Stream on Amazon Prime Video.
2 One Million Years B.C. (1966)
Director: Don Chaffey
The 1966 film One Million Years B.C., a remake of the 1940 movie, completely disregards the 65-million-year separation and brings dinosaurs and humans together. It follows Tumak and Loana, played by John Richardson and Hollywood star Raquel Welch, through their journey in a prehistoric world. The film features Ray Harryhausen’s renowned stop-motion dinosaurs, with one of the film's most famous and iconic scenes being a fight between a Ceratosaurus and a Triceratops. Moreover, Welch’s iconic fur bikini became a symbol of the era.

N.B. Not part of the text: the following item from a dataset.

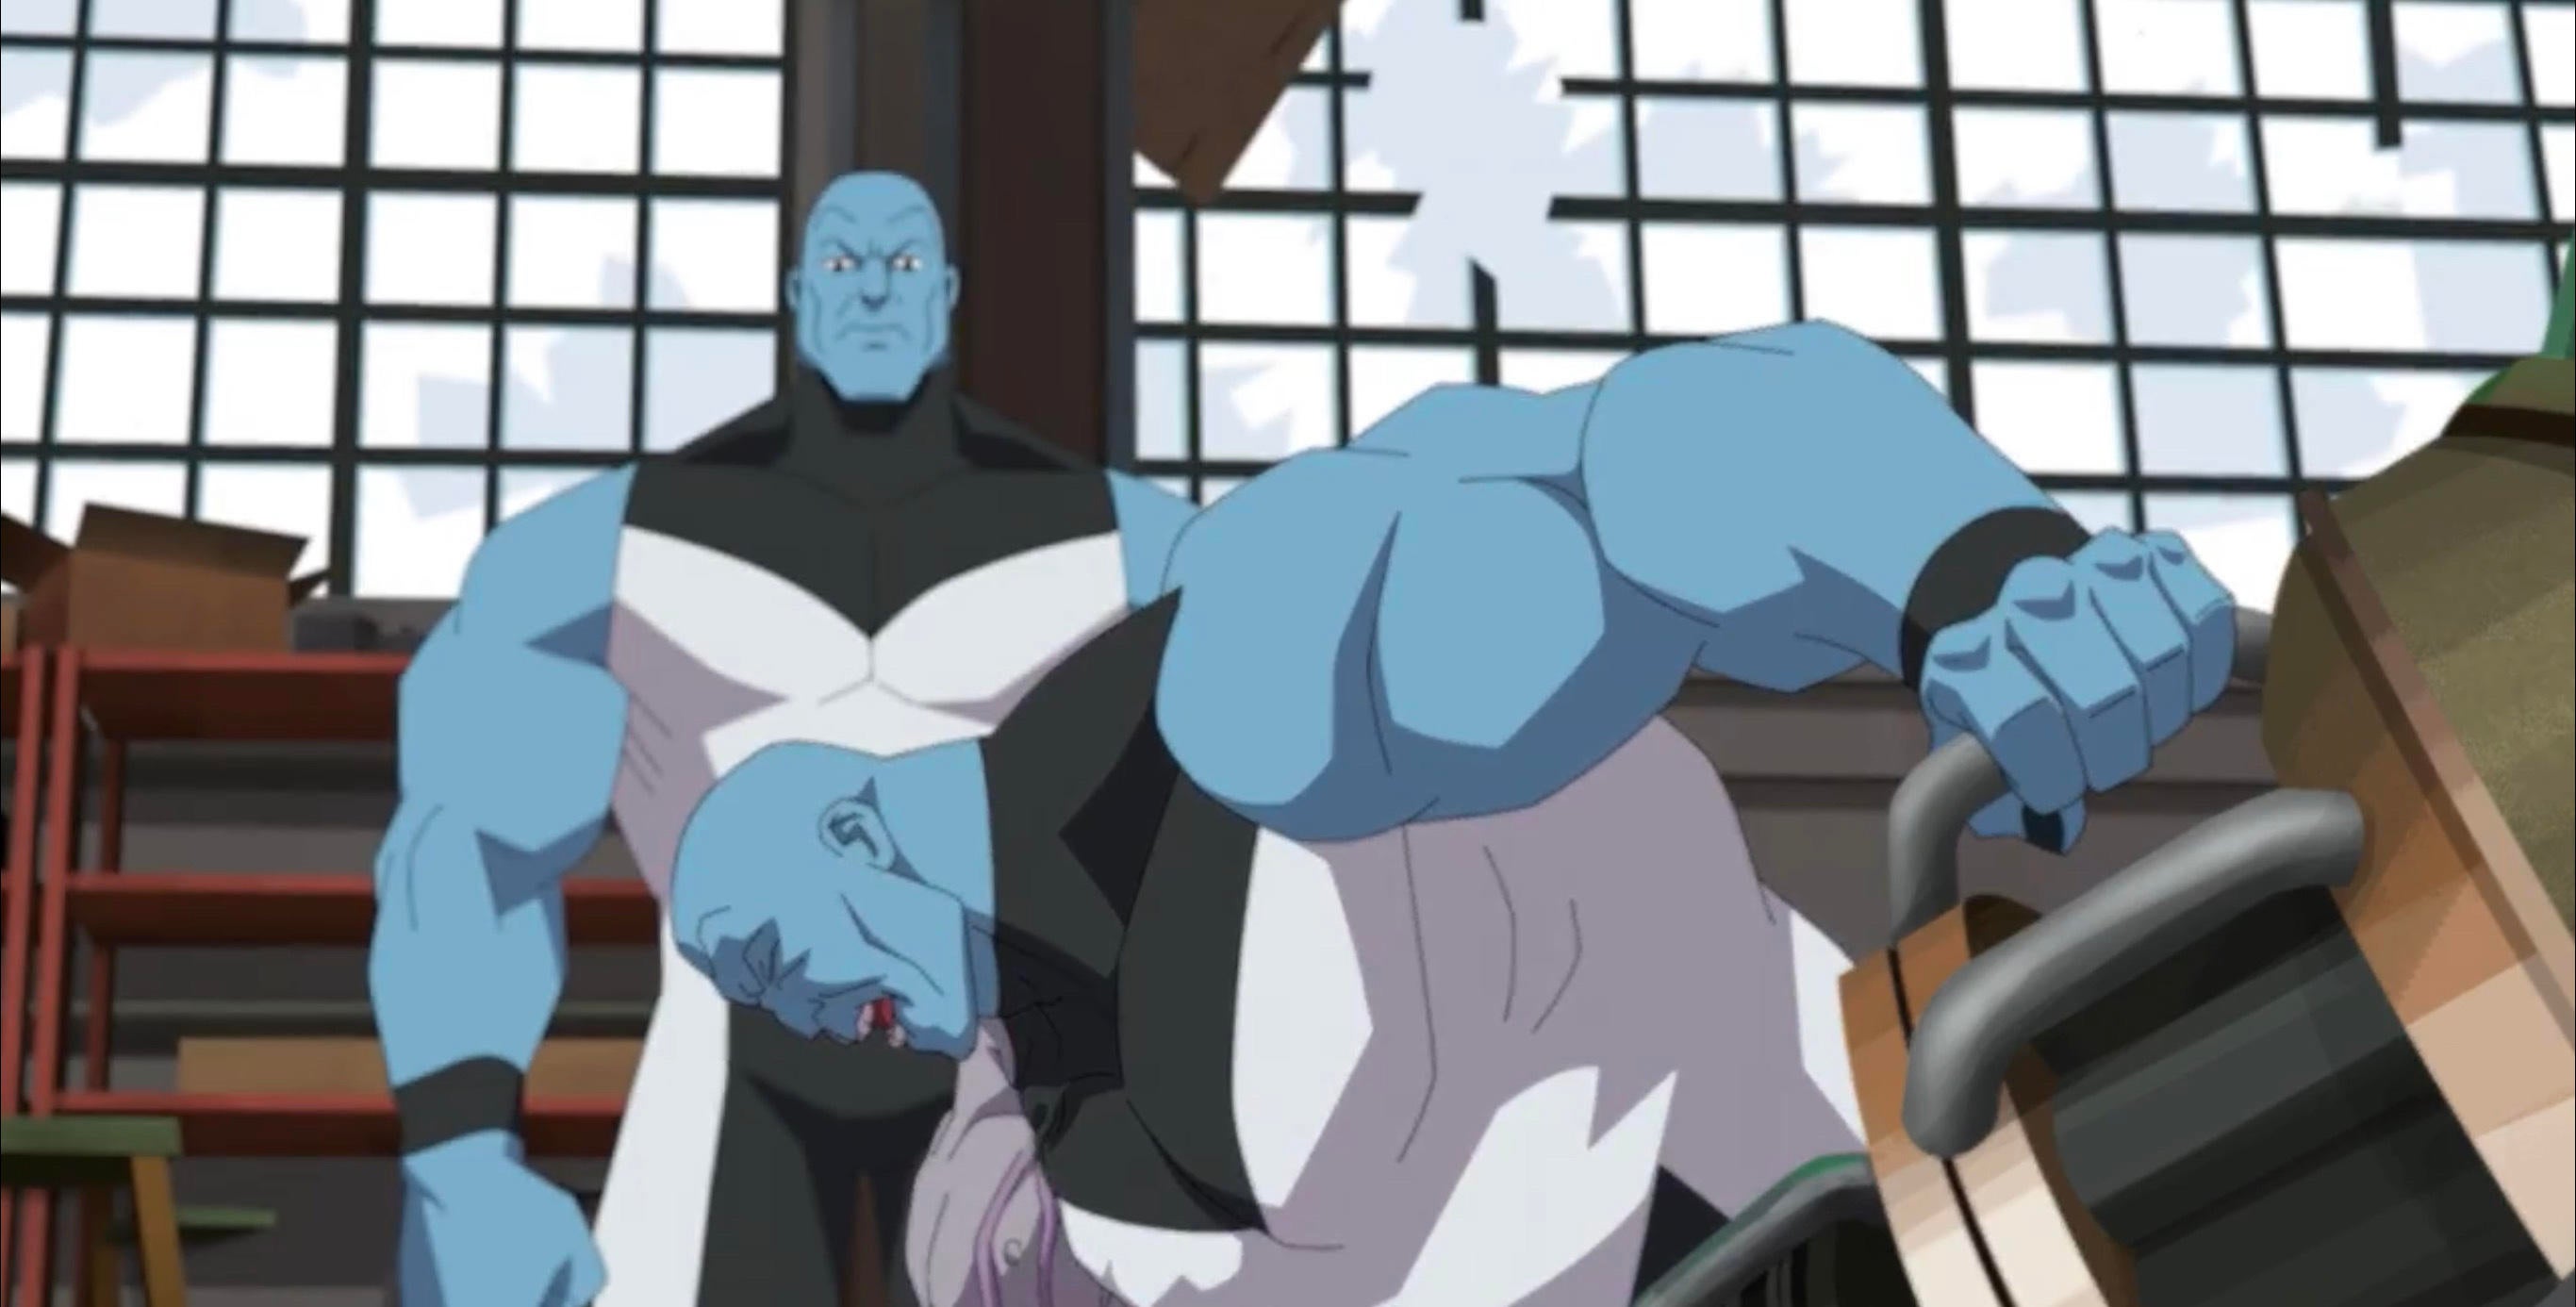 Invincible Season 2, Episode 4 Review – “It's Been a While”

Stream on Apple TV and Amazon Prime Video.
1 2001: A Space Odyssey (1968)
Director: Stanley Kubrick
2001: A Space Odyssey
Cast
- Keir Dullea
- Gary Lockwood
- William Sylvester
- Daniel Richter
- Release Date
- April 3, 1968
- Director
- Stanley Kubrick
Stanley Kubrick's 2001: A Space Odyssey, one of the most famous movies of all time, is a visually stunning and prophetic masterpiece exploring space travel and human evolution. The film combines prehistoric life with space, notably in Kubrick's 25-minute opening segment in 2001, where apes, driven from their watering hole by rivals, encounter a monolith. This segment culminates in cinema's most famous cut: a bone transforming into a spaceship, brilliantly leaping millions of years in a single shot and symbolizing the dawn of humanity.
Stream on Apple TV and Amazon Prime Video.